[WORK INSTRUCTIONS]
Output every entry below word for word, without its pictures.

[INPUT FOR THIS TASK]

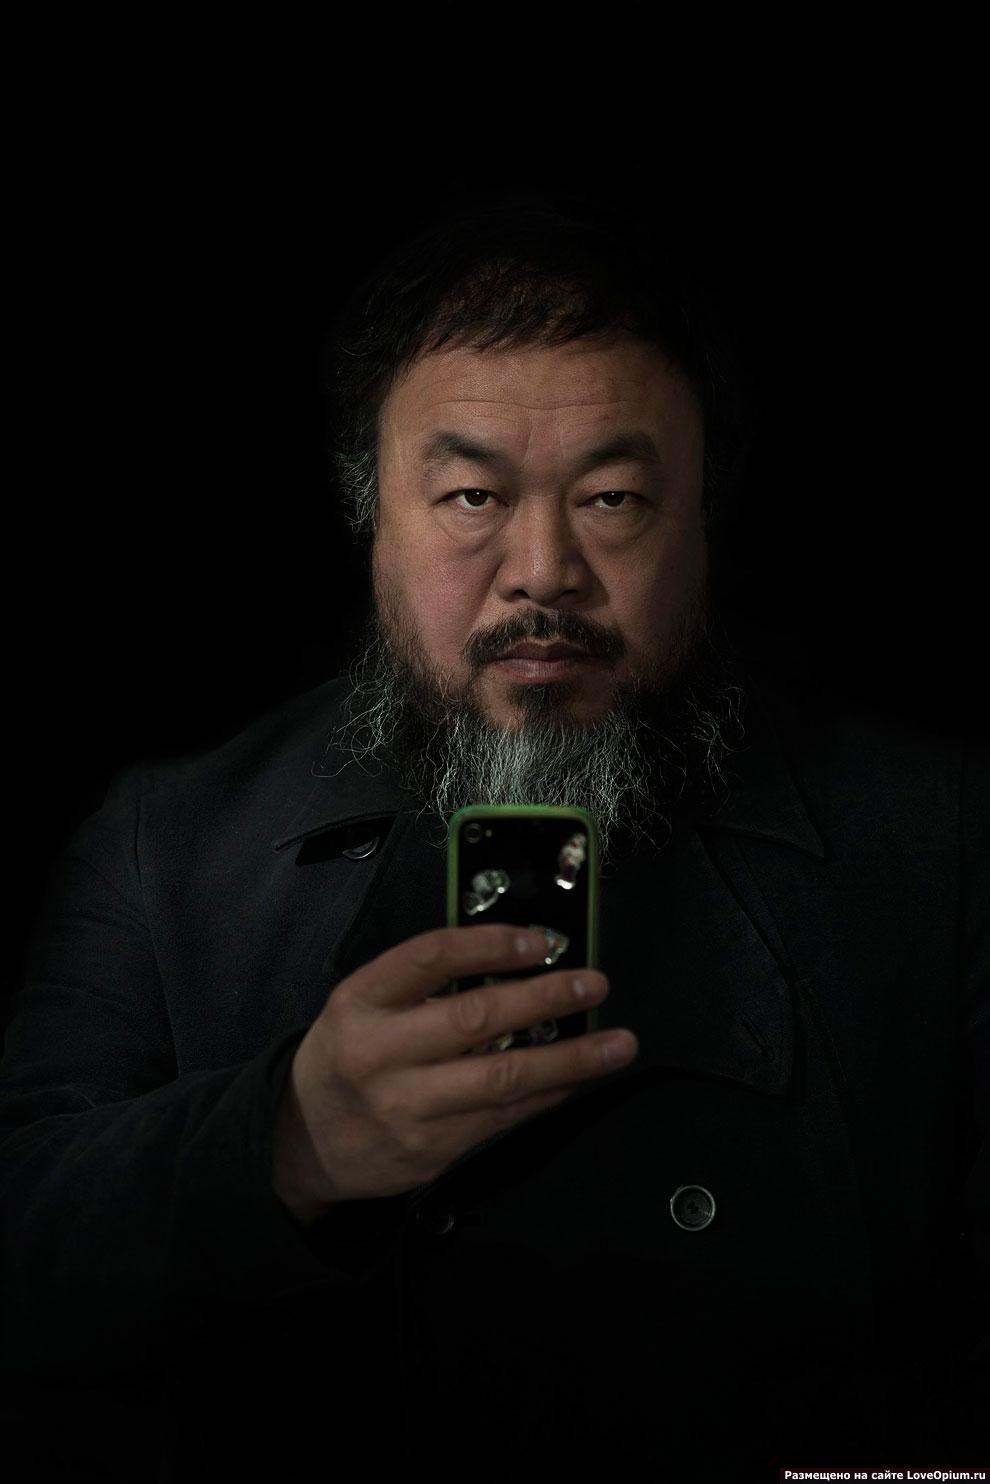 2-е место в категории «Люди» занял портрет малазийского фотографа, работающего для журнала Smithsonian
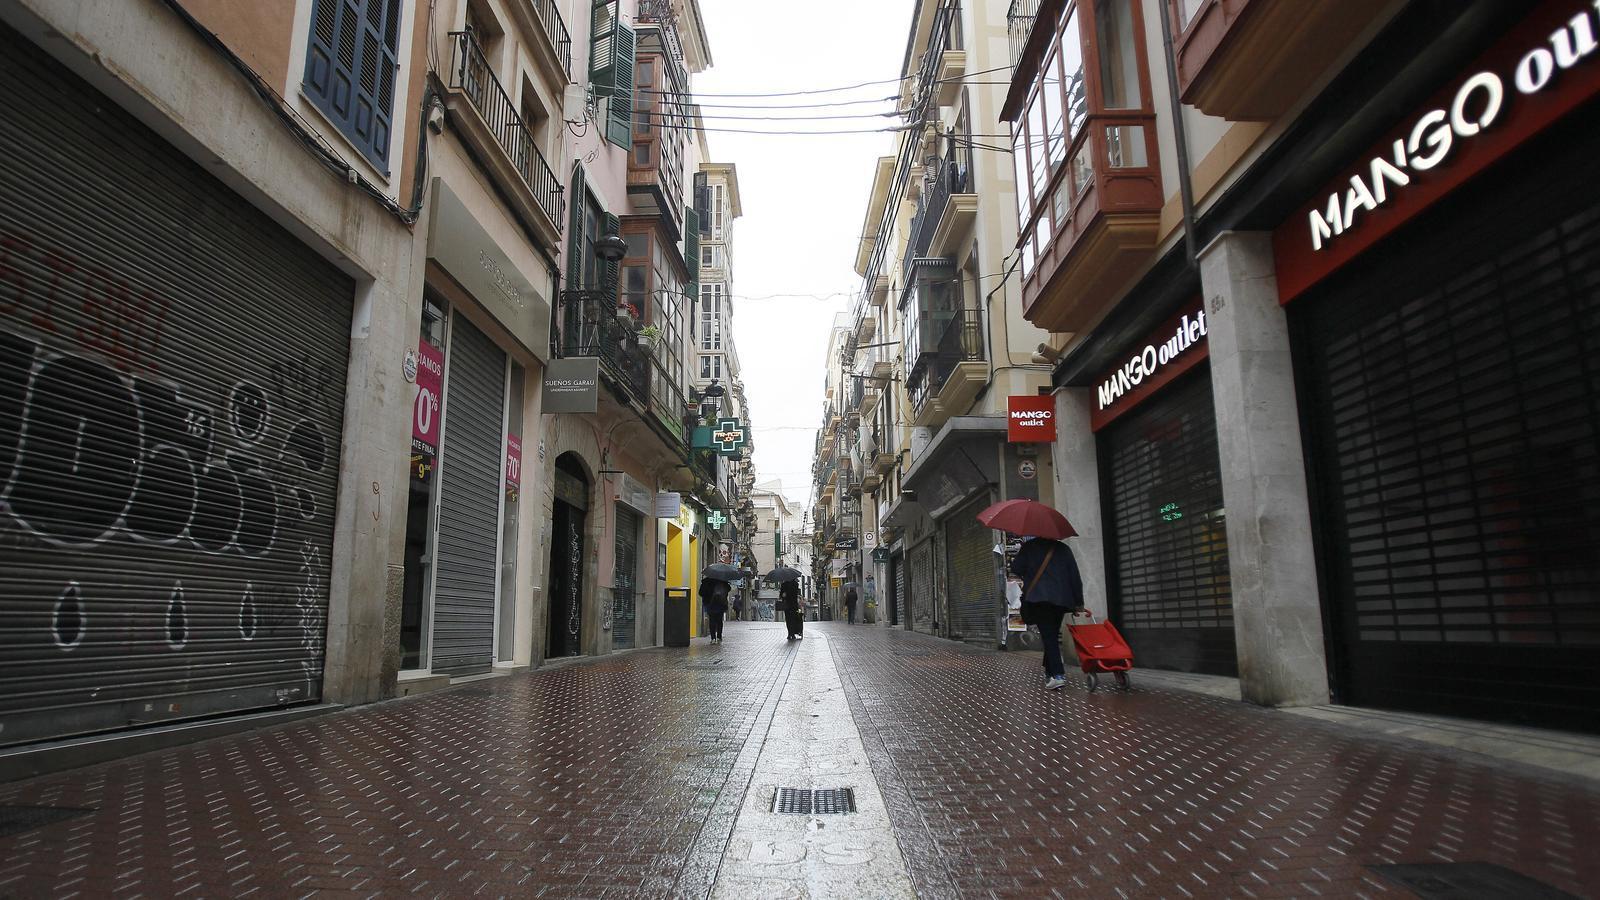 Les botigues i negocis del centre de Palma, tancats el primer dia laborable després de la declaració de l'estat d'alarma
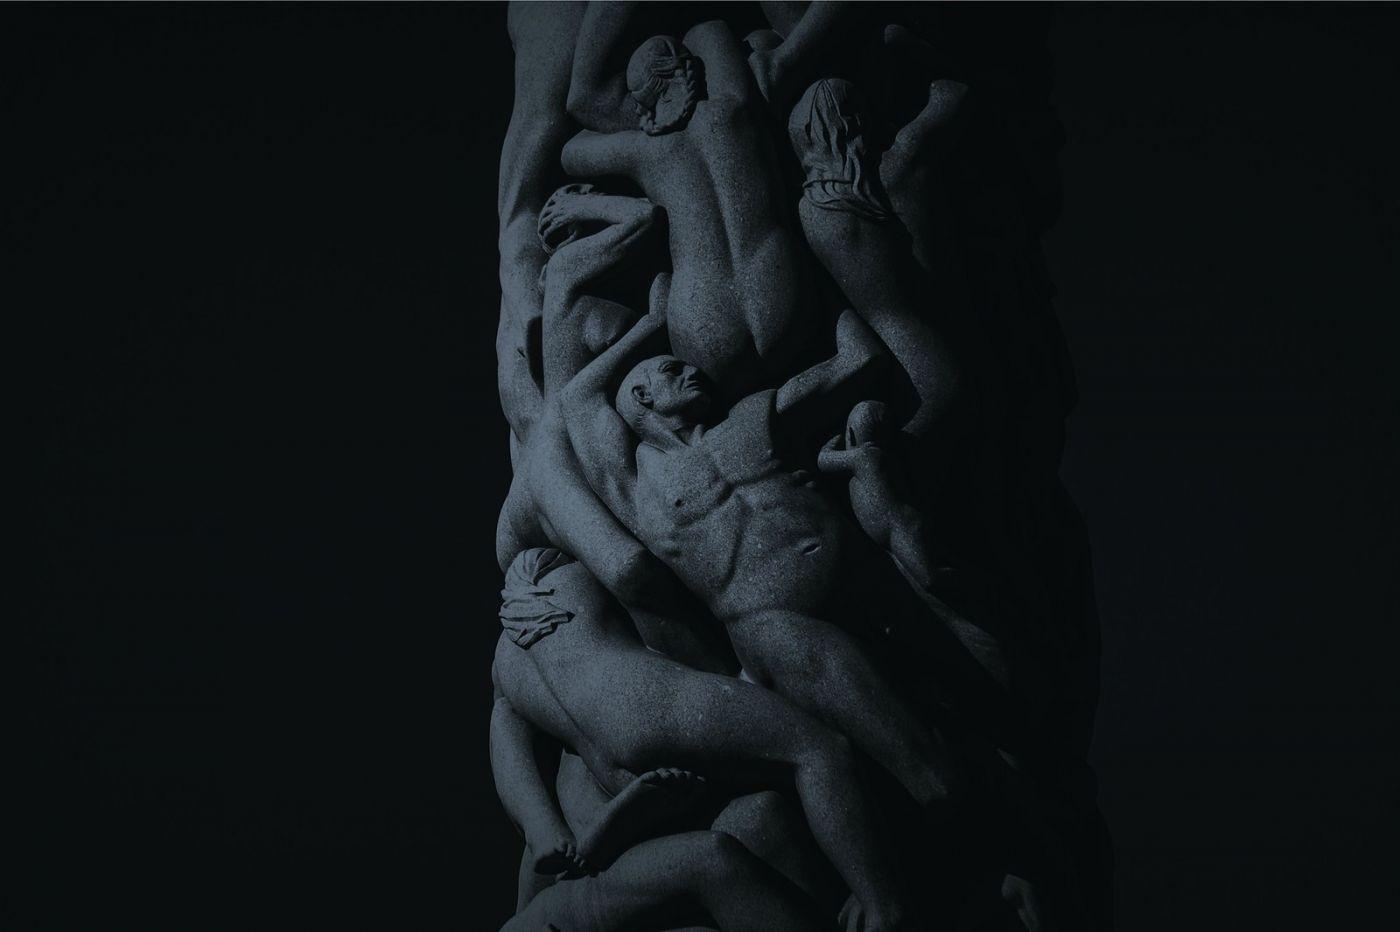 挪威维格兰雕塑公园,艺术的确来自生活_图1-3
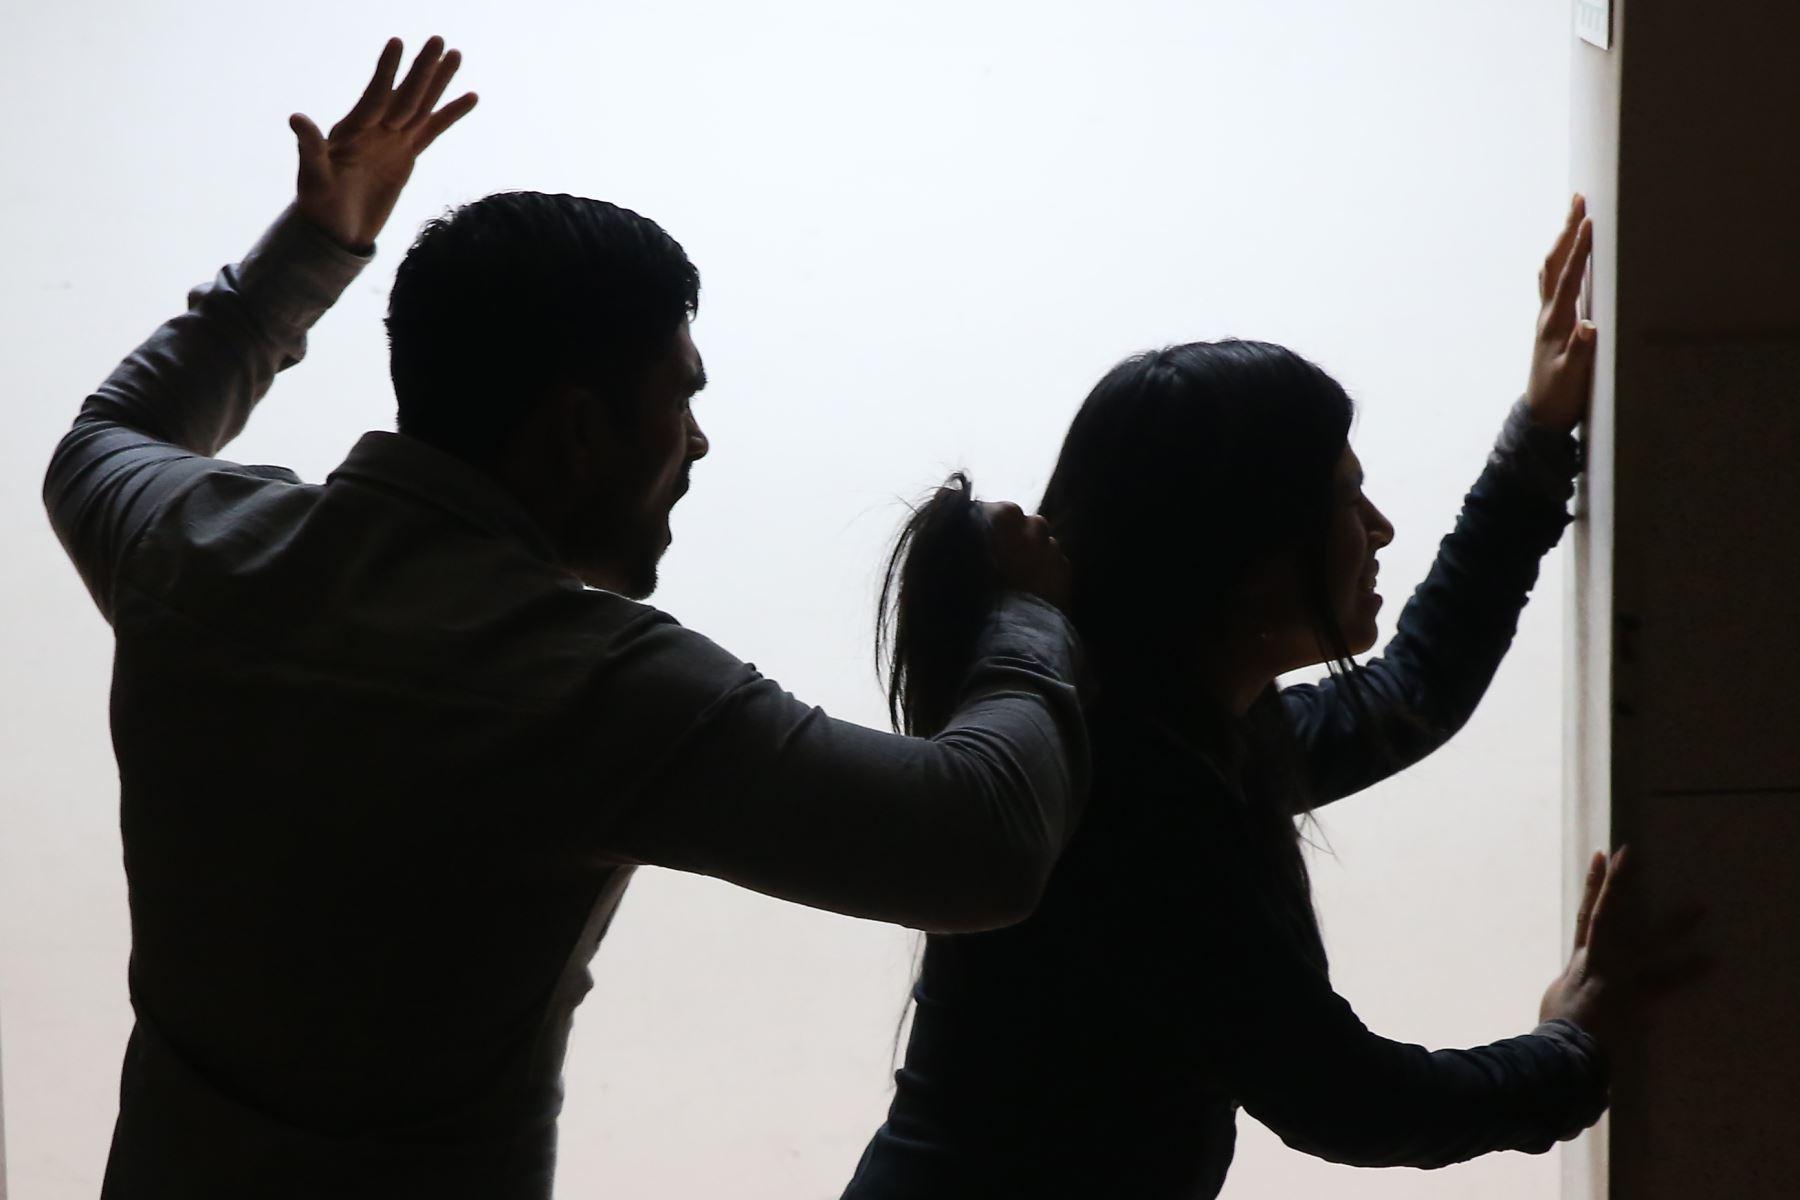 El jueves 23 de noviembre se desarrolló en el Auditorio Libertador una jornada informativa sobre violencia de género.
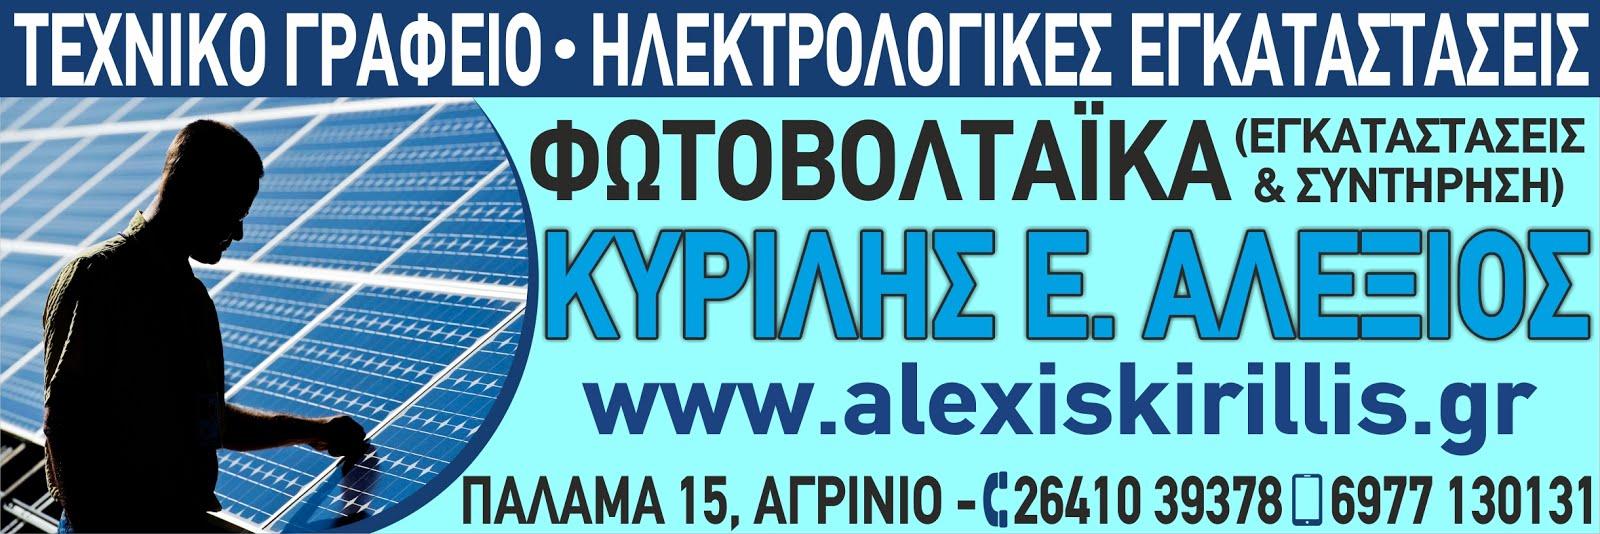 ΚΥΡΙΛΗΣ Ε. ΑΛΕΞΙΟΣ
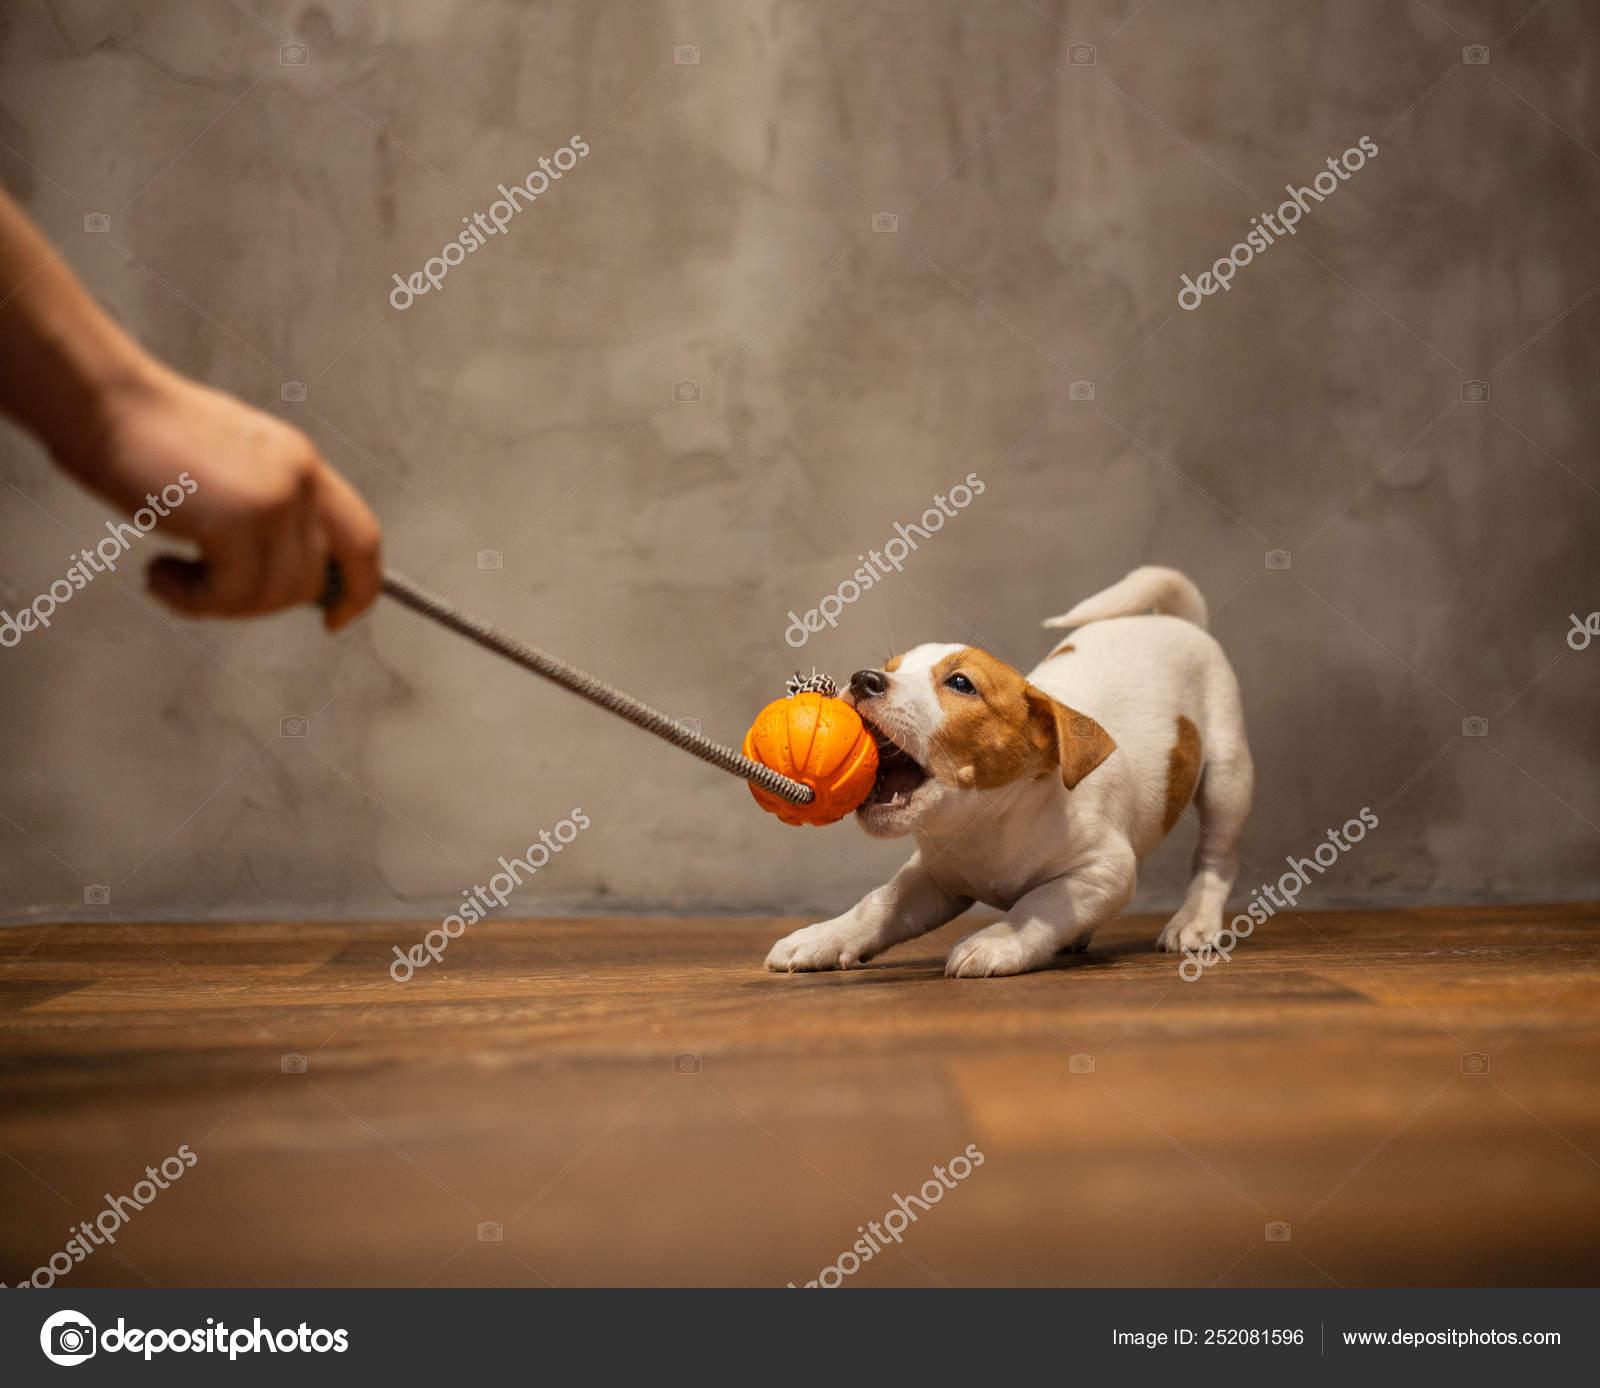 Jack Russell Terrier Puppy Pulls Teeth Orange Toy Held Human

[OUTPUT FOR THIS EXERCISE]
 2-е место в категории «Люди» занял портрет малазийского фотографа, работающего для журнала Smithsonian
 Les botigues i negocis del centre de Palma, tancats el primer dia laborable després de la declaració de l'estat d'alarma
 挪威维格兰雕塑公园,艺术的确来自生活_图1-3
 El jueves 23 de noviembre se desarrolló en el Auditorio Libertador una jornada informativa sobre violencia de género.
 ΚΥΡΙΛΗΣ Ε. ΑΛΕΞΙΟΣ
 Jack Russell Terrier Puppy Pulls Teeth Orange Toy Held Human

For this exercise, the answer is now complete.